Nach den von der Strafkammer getroffenen Feststellungen erlangte der Angeklagte von den Hintermännern neben einem „nicht näher feststellbaren Eurobetrag als Entlohnung“ einen ebenfalls „nicht genau spezifizierbaren Eurobetrag“ zur Begleichung der Betäubungsmittellieferungen aus den Niederlanden. Insgesamt verfügte der Angeklagte „diesbezüglich“ über Bargeld in Höhe von 62.375 €, 17.100 Tschechische Kronen und 2,7 Millionen Vietnamesische Dong, die er in der von ihm bewohnten Wohnung aufbewahrte (UA S. 9 f.). Im Rahmen der Begründung der Einziehungsentscheidung wird ausgeführt, dass es sich bei dem sichergestellten Bargeld „um Erlöse aus Betäubungsmittelgeschäften bzw. Entlohnung für die Tätigkeit des Angeklagten handelte bzw. es sich um Geld handelt, mit dem zu erwerbende Betäubungsmittel bezahlt werden sollten“ (UA S. 29).
Durch diese - teils widersprüchliche - Begründung ist nicht hinreichend belegt, dass es sich bei den eingezogenen Bargeldbeträgen um Erträge aus den abgeurteilten Taten nach § 73 Abs. 1 StGB handelt.
Auch sind den Feststellungen die Voraussetzungen für eine erweiterte Einziehung der Bargeldbeträge nicht zu entnehmen. Die Anwendung des § 73a Abs. 1 StGB setzt voraus, dass die Herkunft des Einziehungsgegenstandes aus rechtswidrigen Taten feststeht und eine sichere Zuordnung, insbesondere zu den abgeurteilten Taten, ausweislich des Gesamtzusammenhangs nach Ausschöpfung aller Beweismittel ausgeschlossen ist (vgl. BGH, Beschlüsse vom 21. September 2021 - 3 StR 158/21, juris Rn. 11; vom 8. September 2021 - 3 StR 179/21, juris; vom 19. August 2020 - 3 StR 219/20, juris Rn. 7 mwN). Aus den Urteilsgründen ergibt sich gerade nicht, dass die Bargeldbeträge aus anderen rechtswidrigen Taten herrühren und eine sichere Zuordnung zu den abgeurteilten ausscheidet.

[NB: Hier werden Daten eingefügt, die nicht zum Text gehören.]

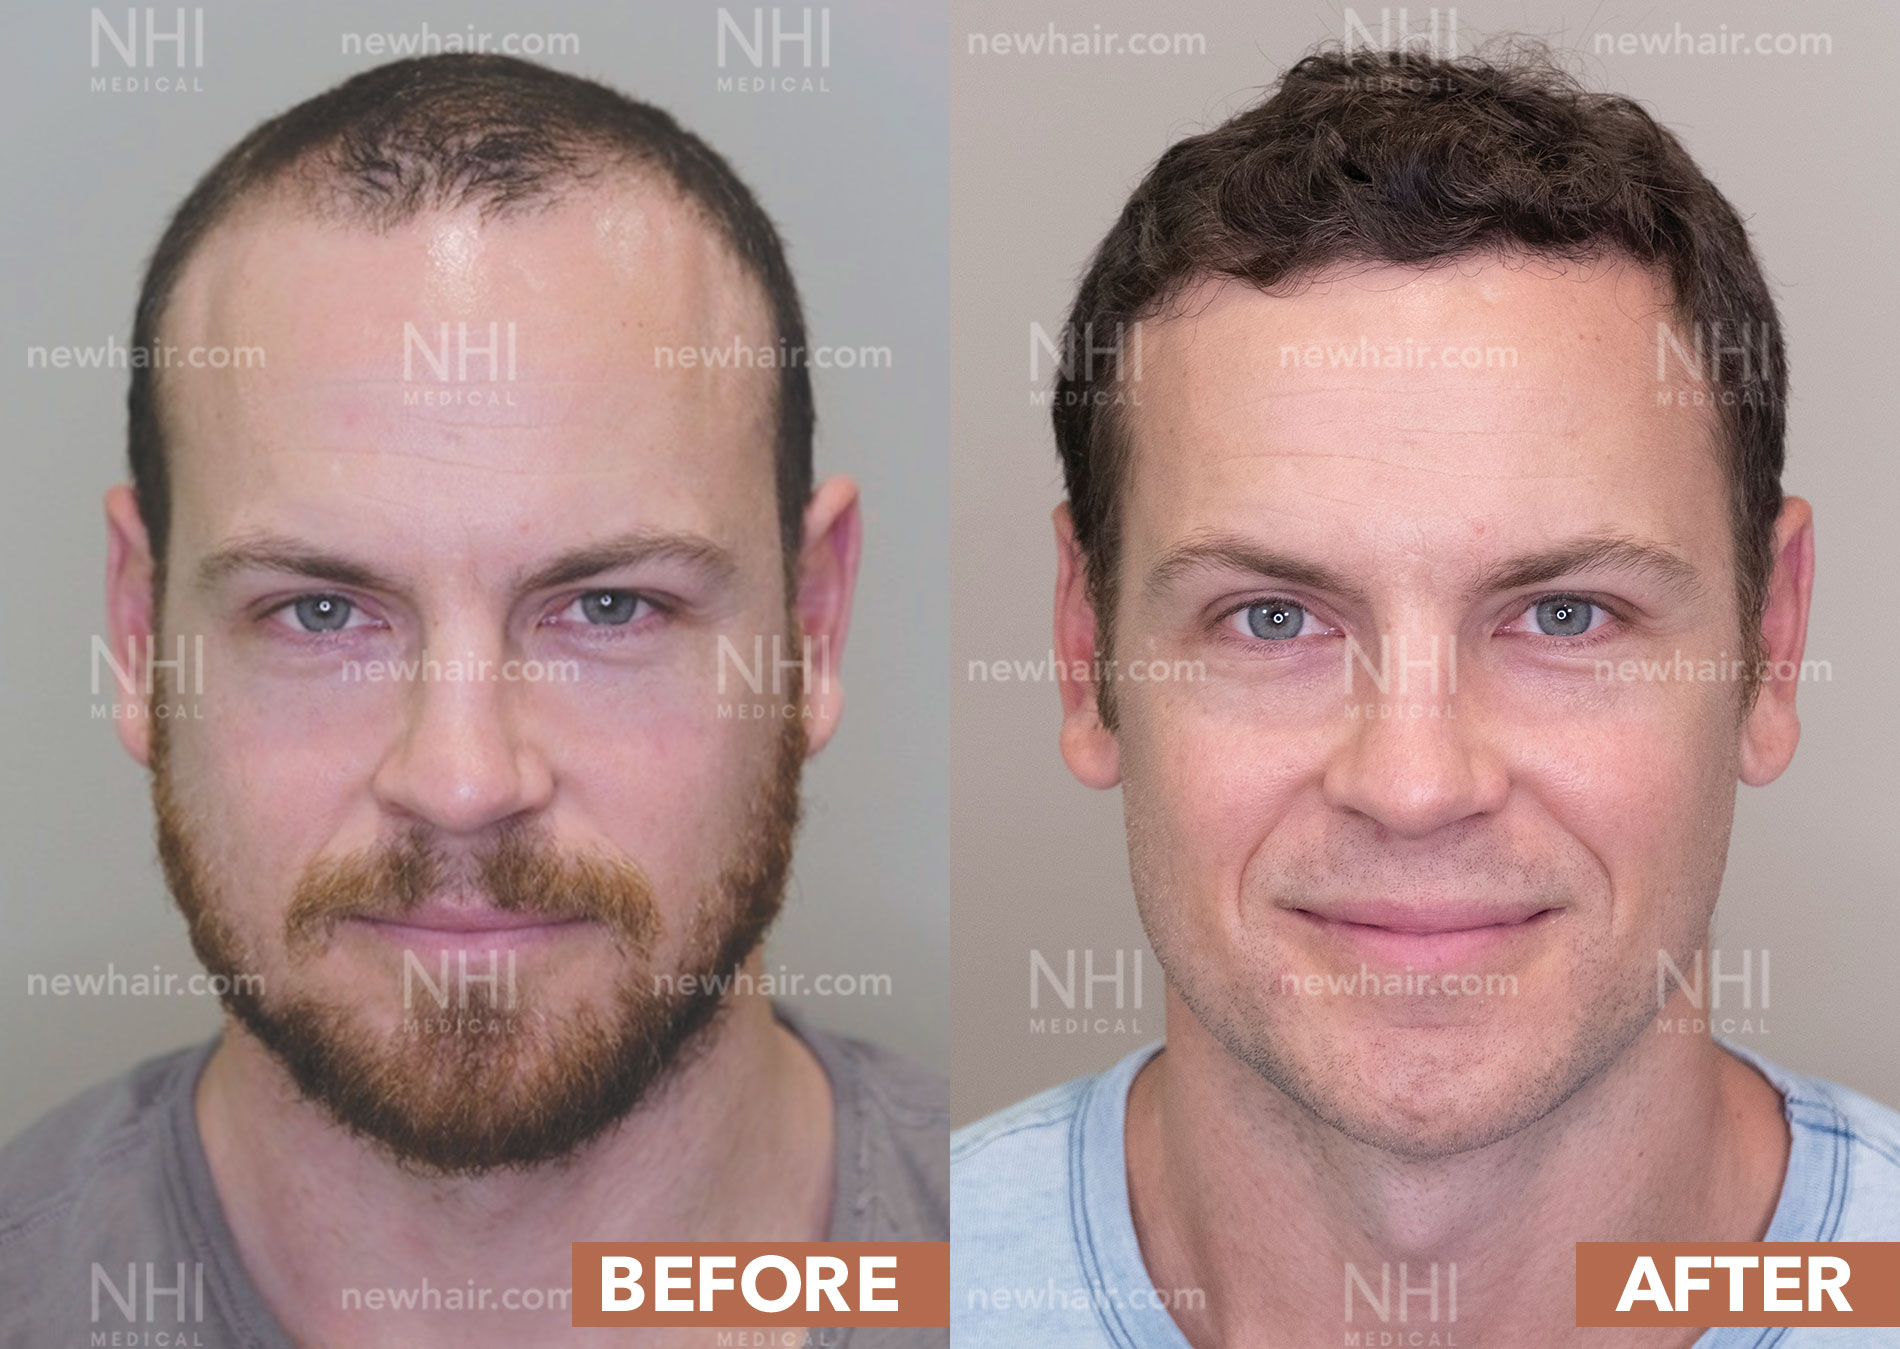 The Most Advanced Hair Transplant Method for Hair Loss (FUE)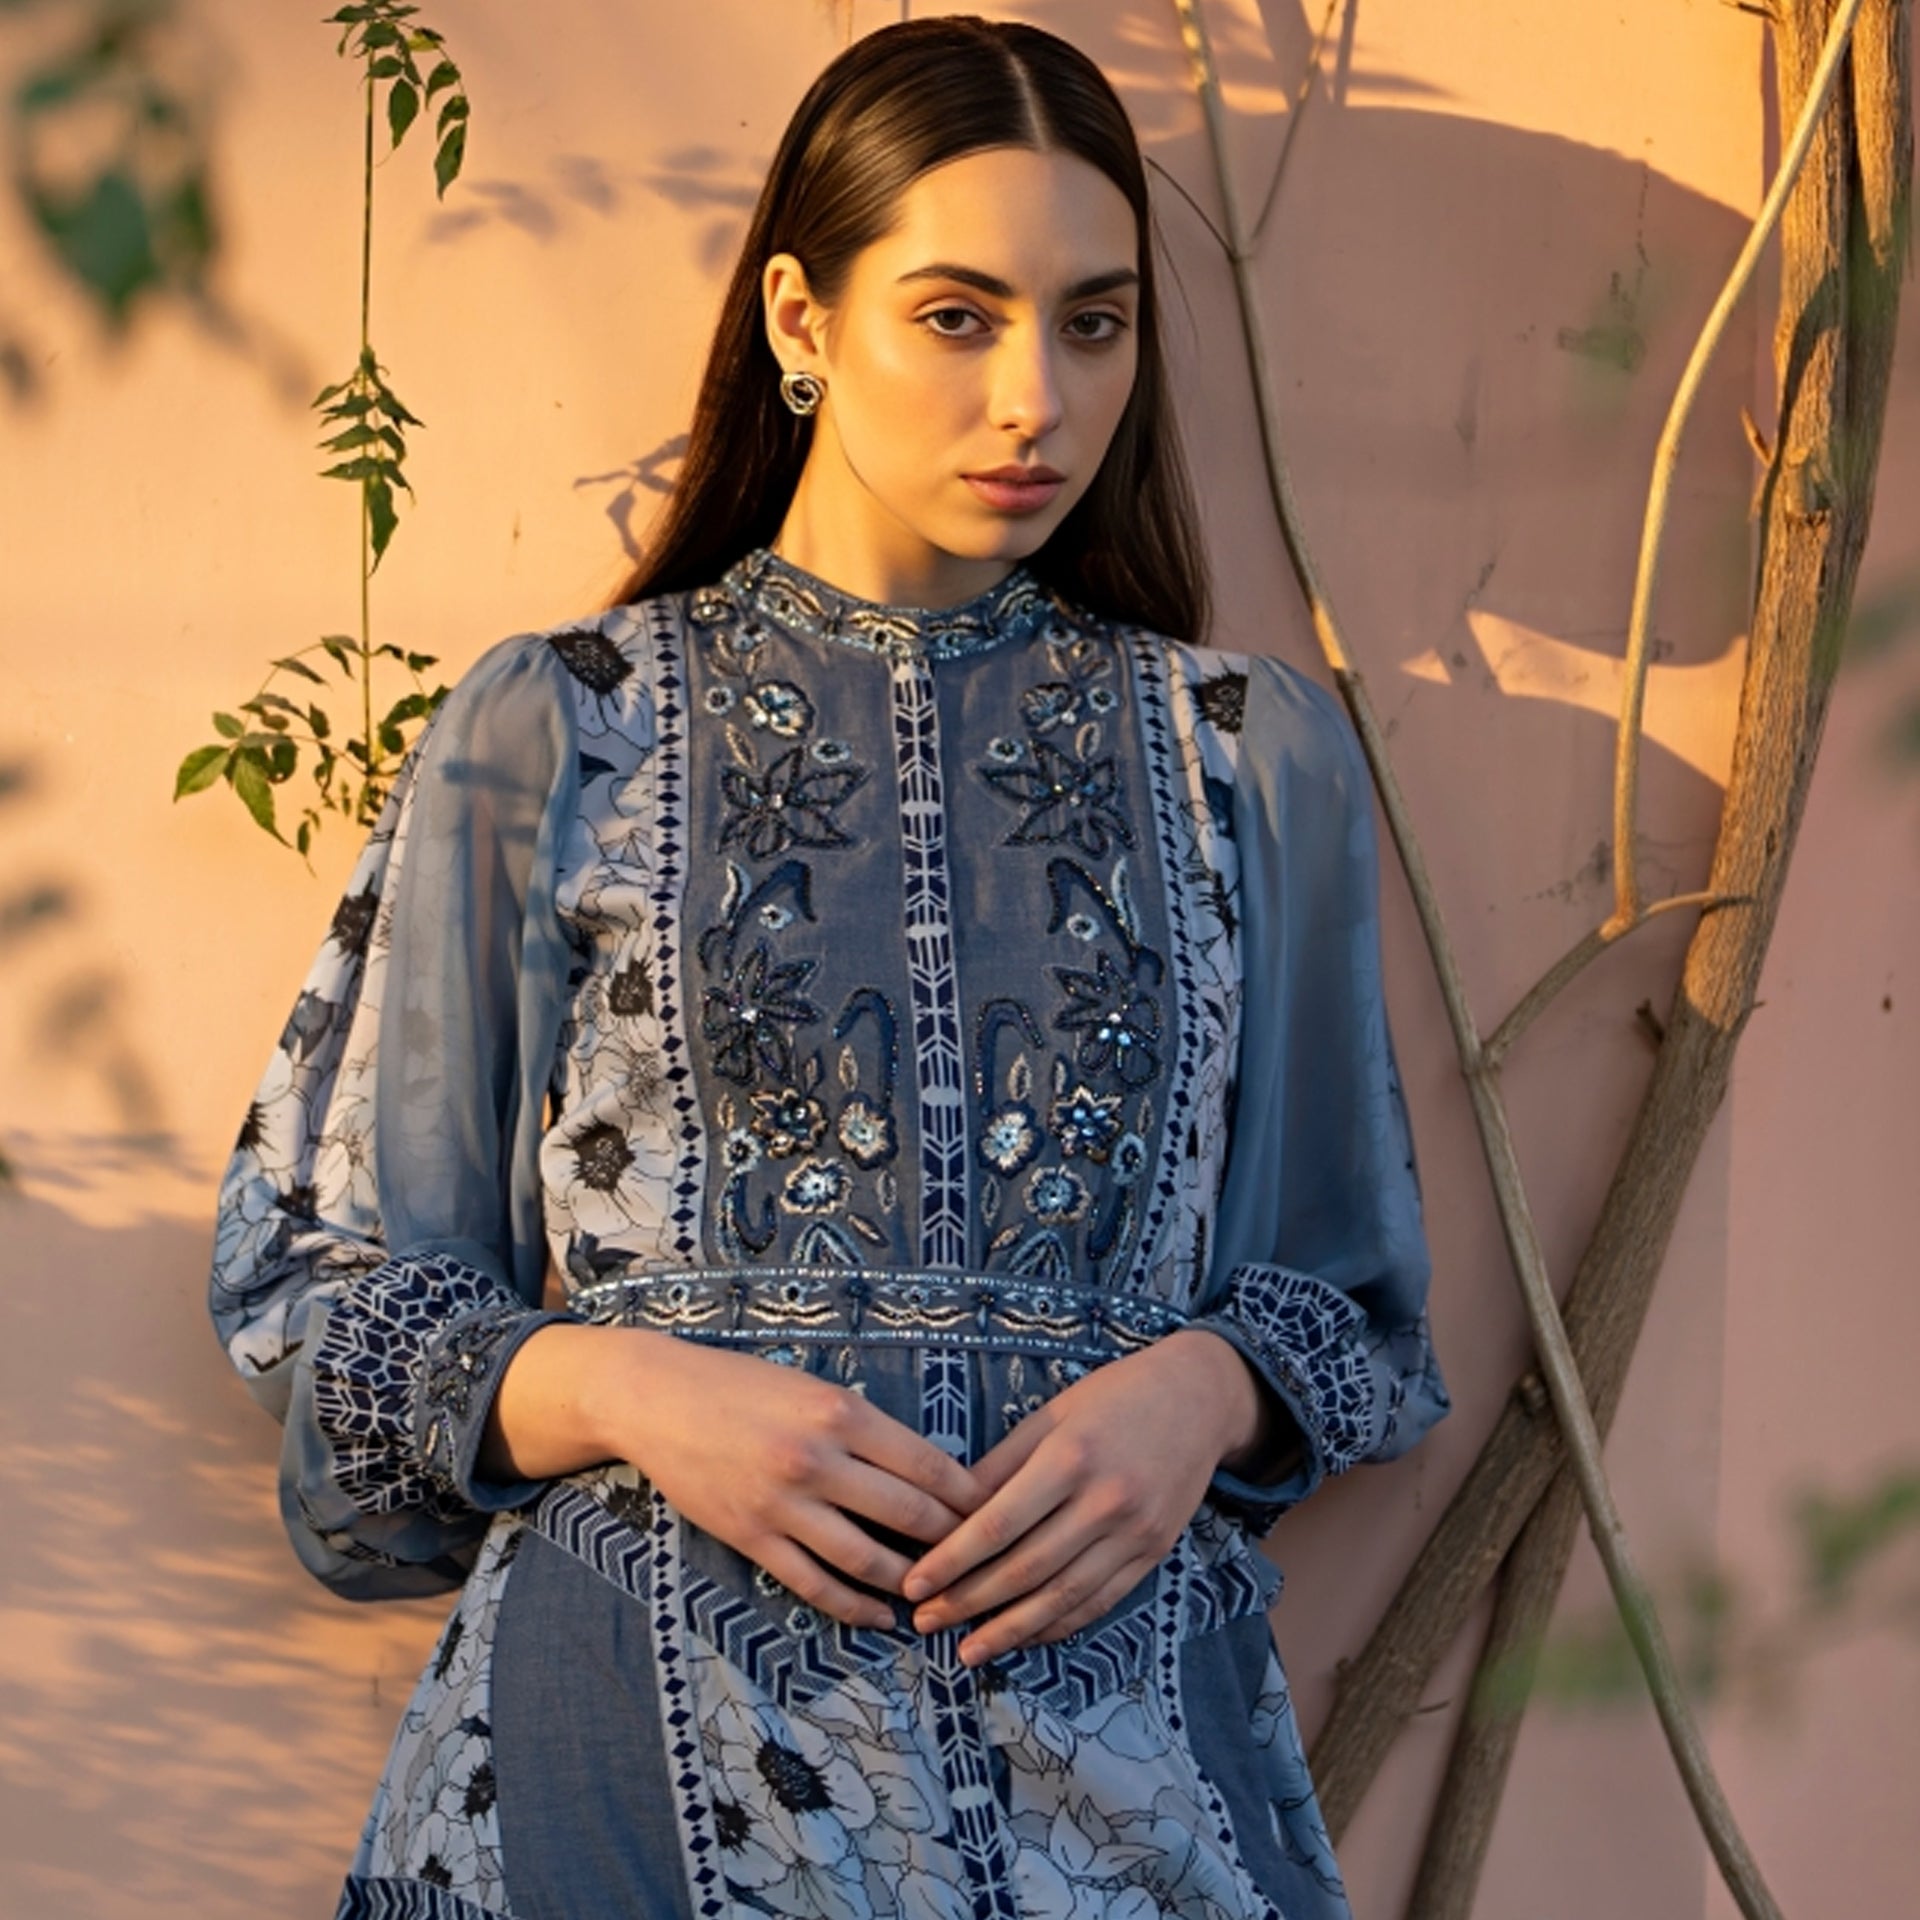 Blue Embroidery Dress with Chiffon Long Sleeves From Shalky

Ferner belegen die Feststellungen nicht die Voraussetzungen einer Einziehung als Tatmittel gemäß § 74 Abs. 1 StGB. Die Einziehung von Geld als Tatmittel im Sinne von § 74 Abs. 1 StGB, welches für den Erwerb von Betäubungsmitteln bestimmt ist, kommt nur in Betracht, wenn der jeweilige konkrete Geldbetrag zur Durchführung weiterer Betäubungsmittelgeschäfte bestimmt war und diese Geschäfte wiederum Gegenstand der Anklage sind (st. Rspr.; BGH, Beschlüsse vom 23. April 2020 - 1 StR 99/20, juris Rn. 17 f.; vom 23. Oktober 2019 - 4 StR 538/18, juris Rn. 10; vom 7. Mai 1997 - 1 StR 217/97, NStZ-RR 1997, 318). Vorliegend hat die Strafkammer weder festgestellt, dass der Angeklagte das Bargeld für ein konkretes Betäubungsmittelgeschäft erhalten hat, noch war ein solches Geschäft Gegenstand des Verfahrens.